Part 2: robot reporters
Stories are beginning to appear in the semi-mainstream press about “conspiracists” who are “pushing alternative theories” to explain the “Zika epidemic.” This happens whenever a new dud epidemic arises. It’s becoming a cottage industry.
Of course, these so-called reporters wouldn’t recognize fake science if you buried them up to their necks in it. They would die for lies, if the lies came from the CDC or the World Health Organization. Some of these “journalists” live in mommy’s basement, which they consider outposts of public health and medical truth. (I omit their names for the moment—they can earn their own publicity.)
Their basic point is: mere (unwarranted) suspicion of an outbreak is sufficient to justify any action medical cops want to take. Don’t travel here. Don’t get pregnant. Don’t breastfeed. Consider an abortion. Spray yourself with a toxic chemical. Take this vaccine. Spend your vacation in a hotel room. Be afraid.
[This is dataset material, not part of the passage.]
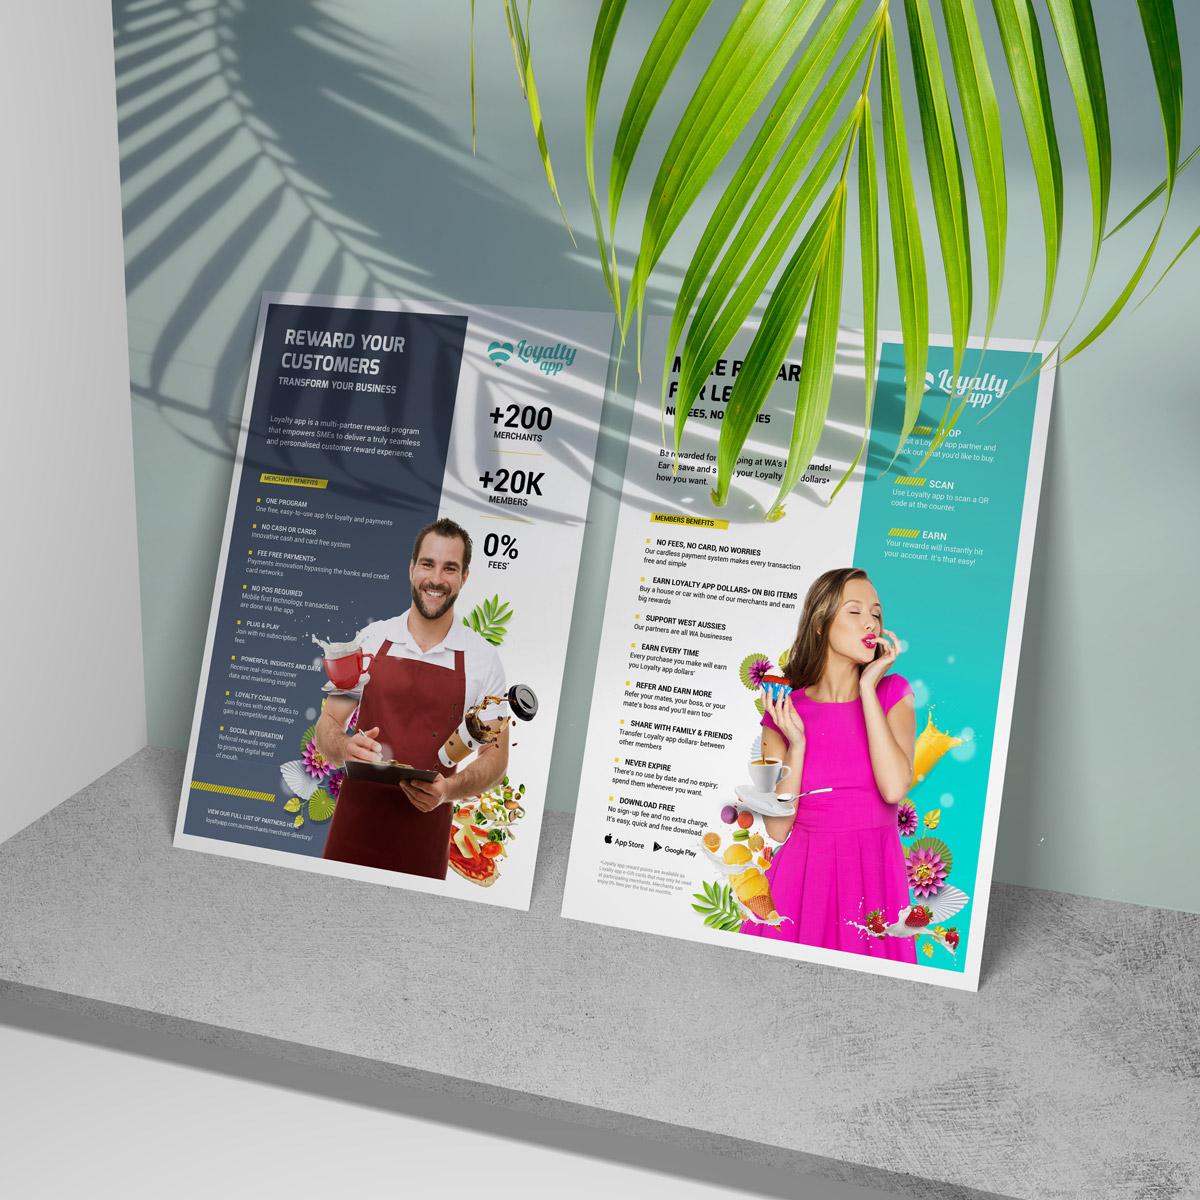 Modern-Branding-Vertical-Standing-Posters-Mockup-PSD-Template.jpg
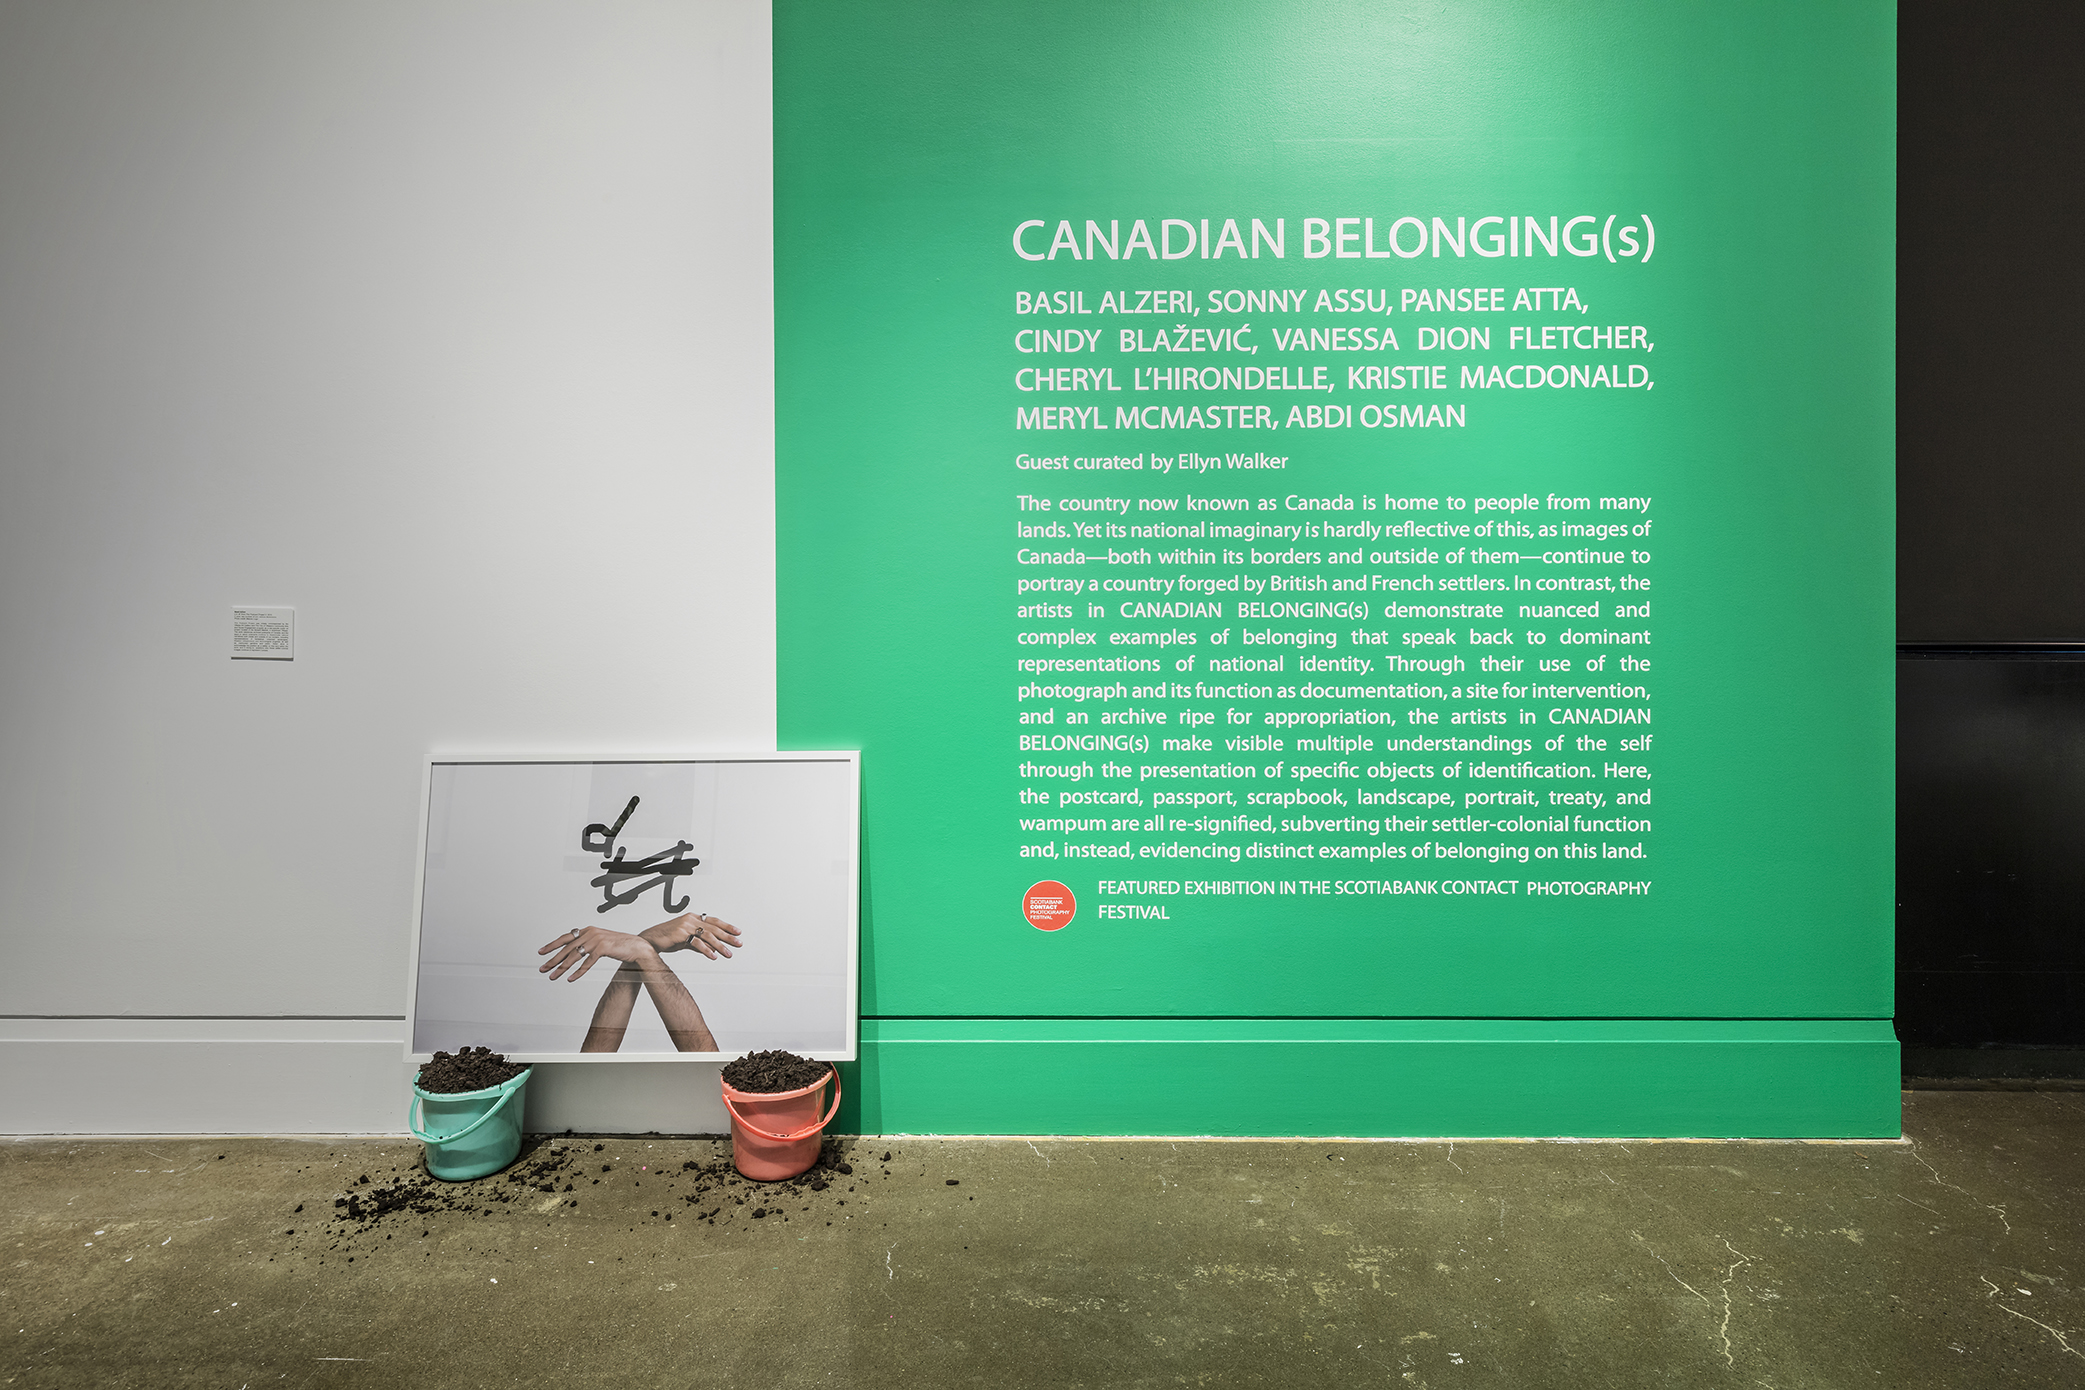 Canadian Belonging(s) , Robert Freeman Gallery, Art Gallery of Mississauga. Photo by Toni Hafkenscheid.

Comply with any new orders coming down the pipeline. If you live in Brazil, feel free to walks the streets as agents of the State and fumigate the area with (more) toxic chemicals. Spray the inside of your house with (more) toxic chemicals 200,000 Brazilian troops are handing-out door-to-door. Whatever. The people in charge of the science and the research know what they’re doing.
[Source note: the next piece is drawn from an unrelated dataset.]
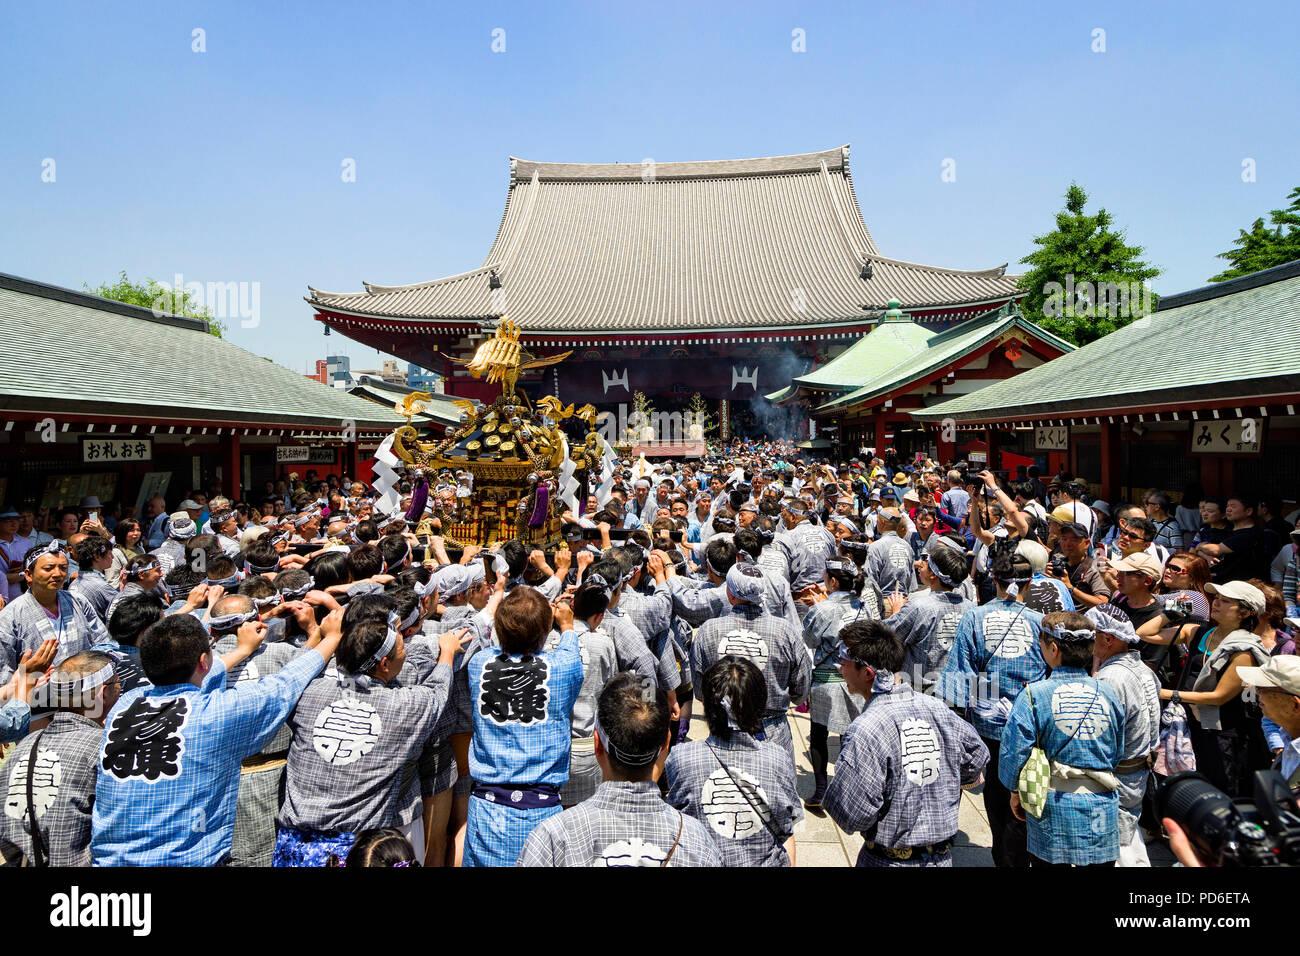 Japan, Insel Honshu, Kanto, Tokio, die Sanja matsuri. Stockfoto

Of course they do. That’s why the original 4,180 cases of microcephaly in Brazil are now 404, and that’s why the Zika virus as the cause is so far from established that it’s actually evidence that Zika doesn’t cause anything.
I’ve been working as a reporter for 30 years, and I know the robot type. Aside from their droning voices and the externally triggered controls located at the backs of their necks, they exhibit a stunning passivity when confronted with actual facts which explode propaganda ops. They just stand there staring at nothing, as if nothing has happened. They’re programmed to enter a blank moment. Then they come back and pursue their original scuzzbucket path. They pick up from where they left off. It’s remarkable.
Now, that is an epidemic. Many of these machine creatures roam the landscape. I would say they’re psychopathic, but they don’t rise to that level. Their mean streak is thin, reedy, remote. It’s difficult to believe they were born to human mothers. Rather, they just popped up in the sixth grade and started faintly smirking. But they’re humanitarians. Of course they are. Meaning they want to reduce all people to “units of concern” on the chessboard.
When you step in, reach around, and turn off those controls at the backs of their necks, they begin to fade. They dissolve and disappear. Somewhere, in a secret records office, they’re listed as missing agents of the consensus.
John Smith is gone. Another John Smith shows up the next day.
A virologist at the World Health Organization says a new germ called Doofacoccus is infecting 30 people in Kalamazoo and it’s the new epidemic and the new Smith rolls up and punches out a story for his press outlet.
It’s seamless. Until you take it apart and see that it’s made by robots for robots.